Didn't think about increased rail pressure w/SJ - makes sense. You're right that the IAT sensor would throw a code too.



Guess I am still learning all the quirks - still need 29k mi to reach 400k.



Gary
 
Mine has high idled before and after my flux injectors. Still not sure what it is, but I am getting my Smarty sooon and I'll let you know if that fixes it.



Aaron
 
Would a CPS that was out of spec cause this. I had my injectors rebuilt and it still sticks at times. Just thinking that the CPS maybe sees a different rpm and tells the ECM it needs more fuel. Mine has done this for so long it doesn't even phase me anymore. It would be nice to fix it, but I refuse to give myself brain damage over it.
 
If the cps was bad your fueling timing would be off relative to the cam and crank. It wouldn't think the motor was going faster. I think it is a programing glitch with the ECM and/or a bad sensor that no one has found yet. If the Smarty fixes it it would seem to confirm a ecm programing issue.



Aaron
 
It is more of an annoyance than anything. It must not be anything to major or we would be having problems. Mine has been doing it for nearly 40K miles and others just as long or longer. I'm sure a fix will turn up soon, especially with the number of people having this issue.
 
I too have this same problem. Happened with my Banks, and still happens with the Edge Juice. Still did it after my lift pump conversion. Only way I can get it idle down is to let out the clutch alittle and it drops to 750 rpm. It is more annoying than anything. It happens no matter what the Edge is set on!



Scott
 
If the APPS (throttle sensor) is getting old, maybe it needs recalibrated.

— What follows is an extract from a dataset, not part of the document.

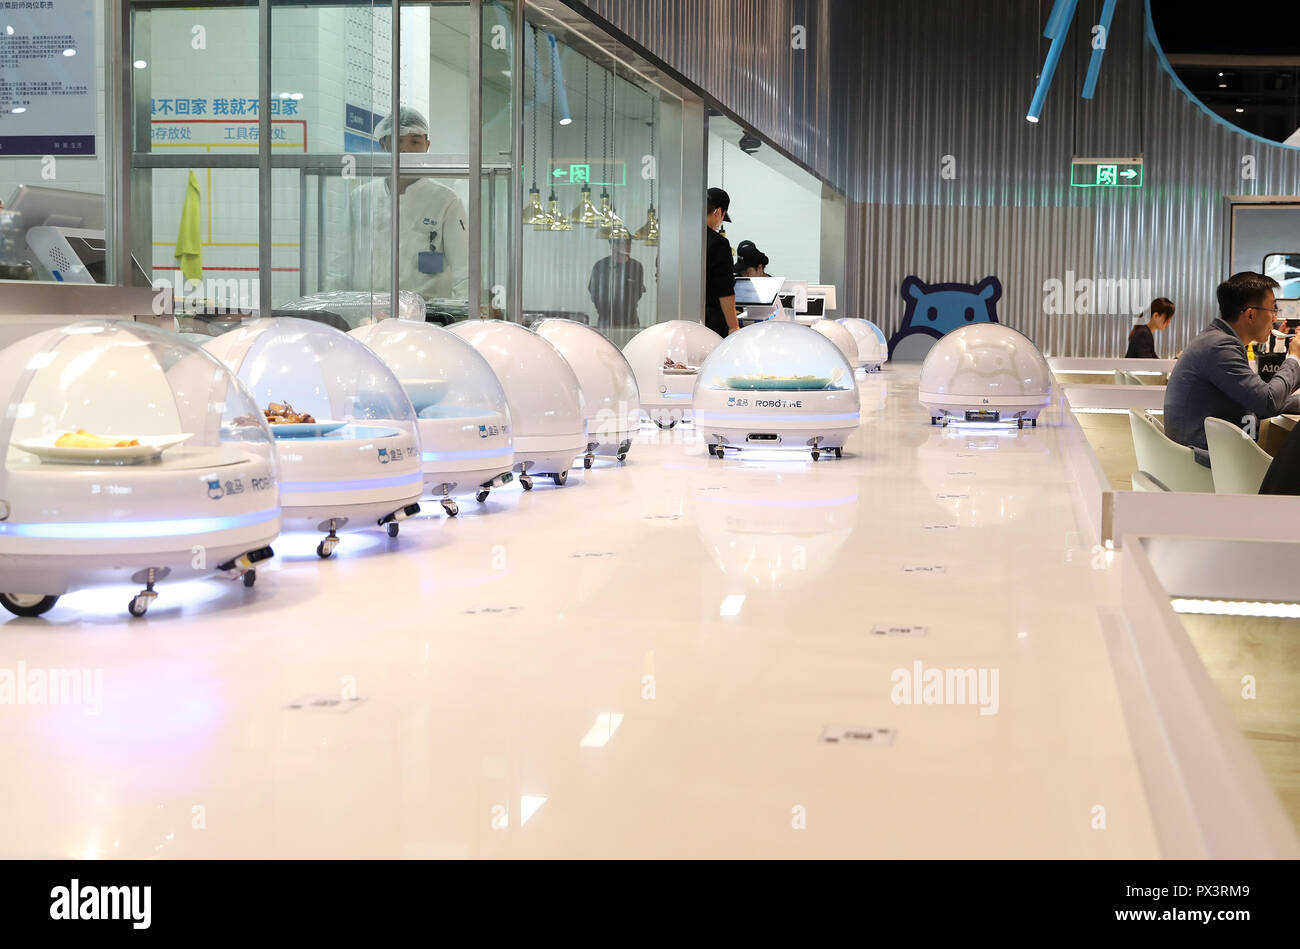 Shanghai. 15 Oct, 2018. AGV (vehículo guiado automatizado) línea de robots para servir comida a los clientes en un elegante restaurante operado por e-commerce chino Alibaba gigante en el Centro de Exhibiciones y Convenciones Nacionales en China oriental de Shanghai, el 15 de octubre de 2018. Crédito: Fang Zhe/Xinhua/Alamy Live News Foto de stock

Disconnect batteries for 10 minutes or longer.

Reconnect batteries. Turn ignition on without cranking. Let it stay on for at least 10 seconds.

Slowly push the throttle all the way. Let go.

Start engine.



Let us know if it fixes it.
 
This sounds to me like... . I would look into the ground circuit of the APPS.
If the ground is bad than the reference signal is "lost" and the engine idles right arround 1K. That's been the poor man high idle on my 99 for a long time.
I've wired in a switch that opens the ground wire of the APPS voilà, high idle...

Marco
 
If the APPS (throttle sensor) is getting old, maybe it needs recalibrated.

Disconnect batteries for 10 minutes or longer.

Reconnect batteries. Turn ignition on without cranking. Let it stay on for at least 10 seconds.

Slowly push the throttle all the way. Let go.

Start engine.



Let us know if it fixes it.







Preety much did this when installing the twins a few weeks ago. I had the bats disco'ed for 2 days and cranked it for several times for more then 10 seconds to prime the turbos and it didn't fix my high idle. It could be the APPS ground. I have had to mess around with the mount and wiring several times when changing vacuum pumps and installing the FASS. When it warms up a bit I will check the harness.